How do you address low sodium levels in the elderly?
Treating low sodium levels can involve the following approaches. Some of these can bring your sodium levels back to normal in a matter of days, whereas other approaches may involve a long-term commitment.
- Changing medications. Suppose you've been prescribed carbamazepine as part of your epilepsy treatment. Consider speaking with your doctor about other anti-seizure treatments that aren't correlated with hyponatremia.
- Drinking less water. Since 2004, the Institute of Medicine of the National Academies has recommended the intake of 91 to 125 ounces of water per day. This corresponds to approximately 11 to 16 cups per day. Keeping your water consumption in this range can maintain a proper amount of water in your body, helping you manage hyponatremia.
- Drink sports beverages. These sweet, colorful drinks are rich in electrolytes, including sodium. Drinking them regularly - and counting them toward your daily water intake amount since they're mostly water - can help you combat hyponatremia.
- Treating underlying conditions. . Seek a medical professional's help managing congestive heart failure, kidney disease, liver disease, or other conditions that might be causing your hyponatremia.

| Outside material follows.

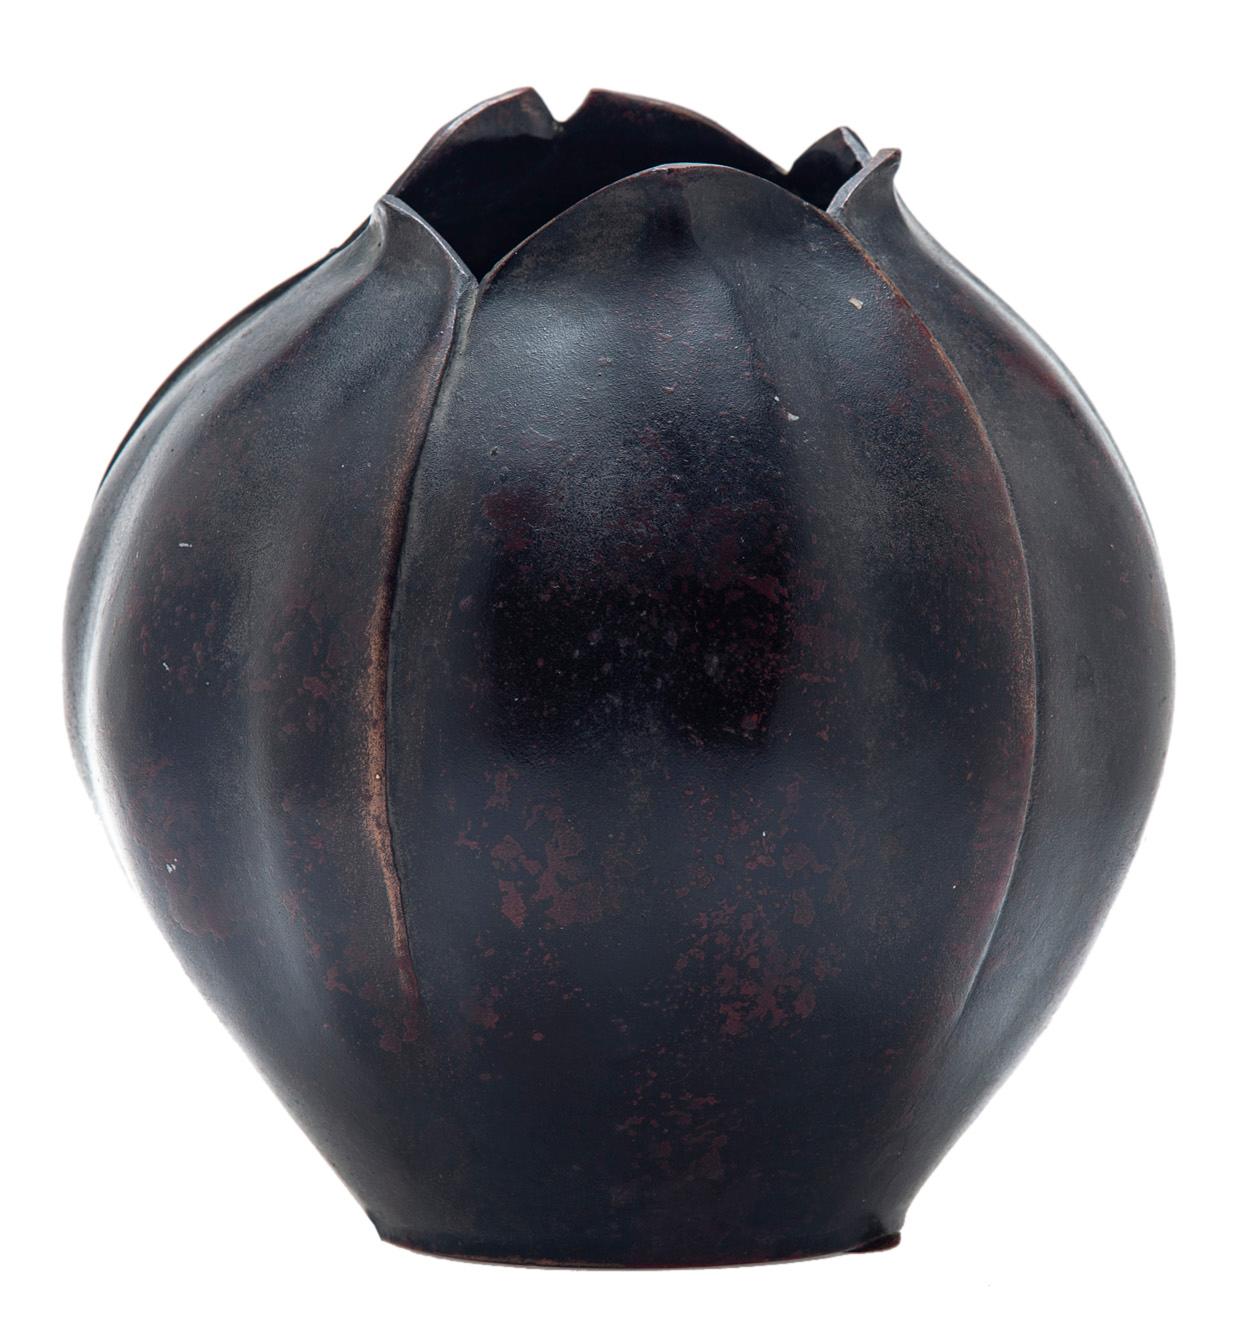 Organic Modern 20th Century Japanese Lotus-Form Vase

- Altering your diet. Eating foods high in sodium is an obvious way to boost your blood sodium levels. Protein-rich meals can also help you manage your sodium levels since protein, like sodium, is a major blood solute. Incorporating both these types of foods into your diet to increase sodium levels is more than easy - it's delicious.
5 meals for addressing low sodium levels in the elderly
The below meals are rich in protein, salt, or both - and they come together quickly.
Ham and penne skillet
Ham is always high in sodium since it's a cured meat. Plus, since it's a type of meat, it's inherently high-protein too. Combine ham with pasta in a skillet for a comforting, hyponatremia-combating take on a familiar lunch or dinner staple.

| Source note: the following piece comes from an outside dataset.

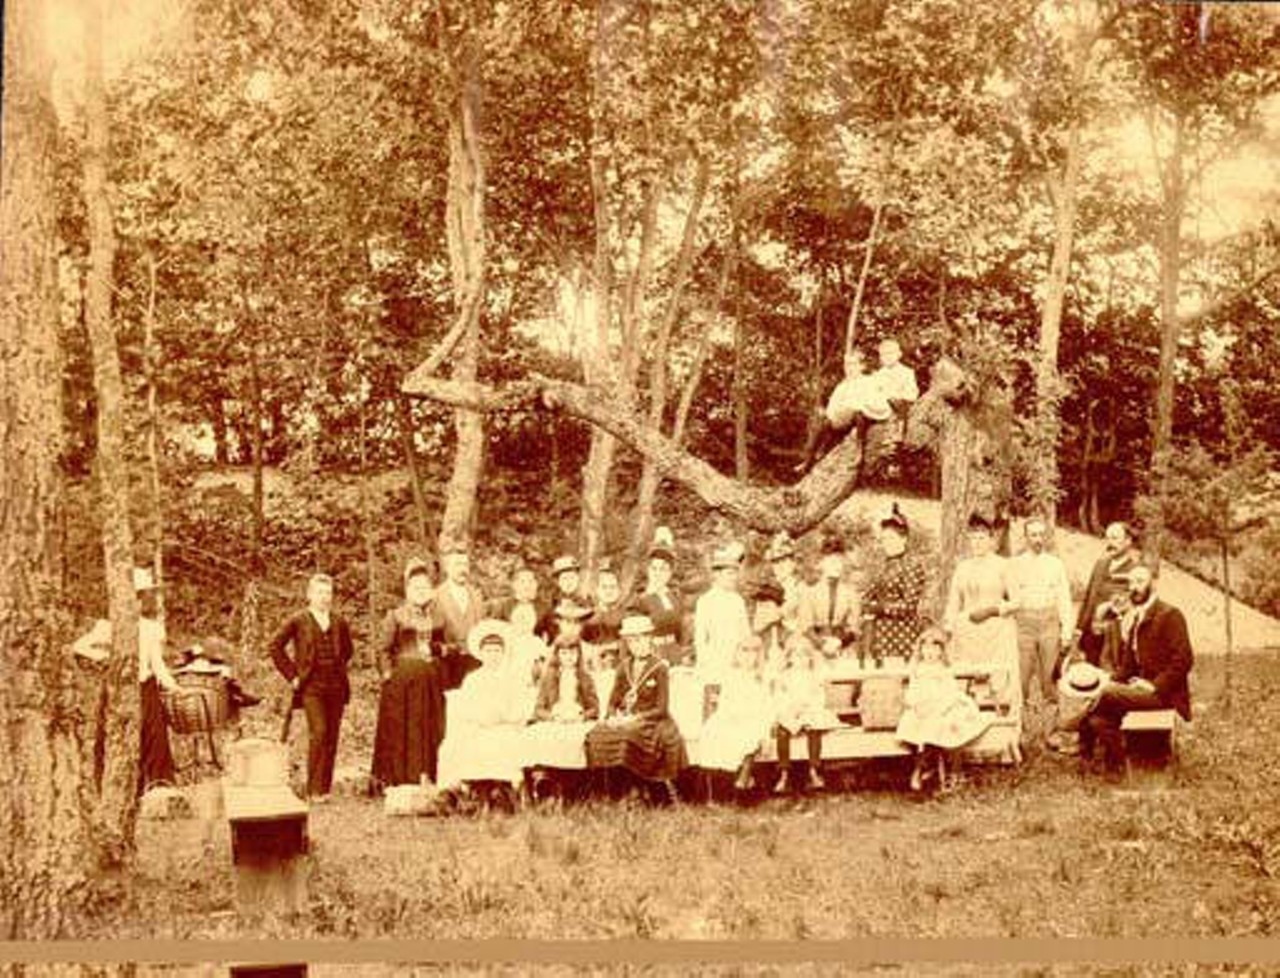 Cedar Point family picnic, 1906.

Cottage cheese breakfast bowls
Cottage cheese is derived from milk, so it's high in protein by default. It also contains 20 percent of the recommended daily sodium intake per serving. Using it as the base of a five-minute breakfast bowl with honey, cinnamon, nuts, and fruits makes for a healthy, high-sodium start to your day.
Any sort of homemade soup you make using store-bought broth will be high-sodium. That's because there are 955 milligrams (mg) of sodium in one bouillon cube - 39 percent of the recommended daily intake.
Try this classic chicken noodle soup recipe to couple your high-sodium broth with ample protein. Your cooking time will be even faster if you replace fresh veggies you chop yourself with frozen, pre-chopped carrots.
Teriyaki grilled chicken and pineapple skewers
Soy sauce is a key ingredient in teriyaki, and soy sauce is notoriously high in sodium. Using teriyaki to flavor high-protein grilled chicken can thus ensure your next meal is great for boosting your sodium levels. It's easy, too - chicken takes just minutes to sear or bake to food-safe temperatures. The pineapple on the side adds a sweet-and-sour tropical punch to these colorful dinnertime skewers that complement all the other flavors.
Pulled pork sandwiches
There are 509 mg of sodium in a serving of pulled pork. This means that a pulled pork sandwich (or two) can make for a good lunch or dinner option. The pork's high protein content helps too, and most of the cooking magic happens inside a slow cooker for easy eating. Perhaps best of all, though, are those undeniable classic barbecue flavors.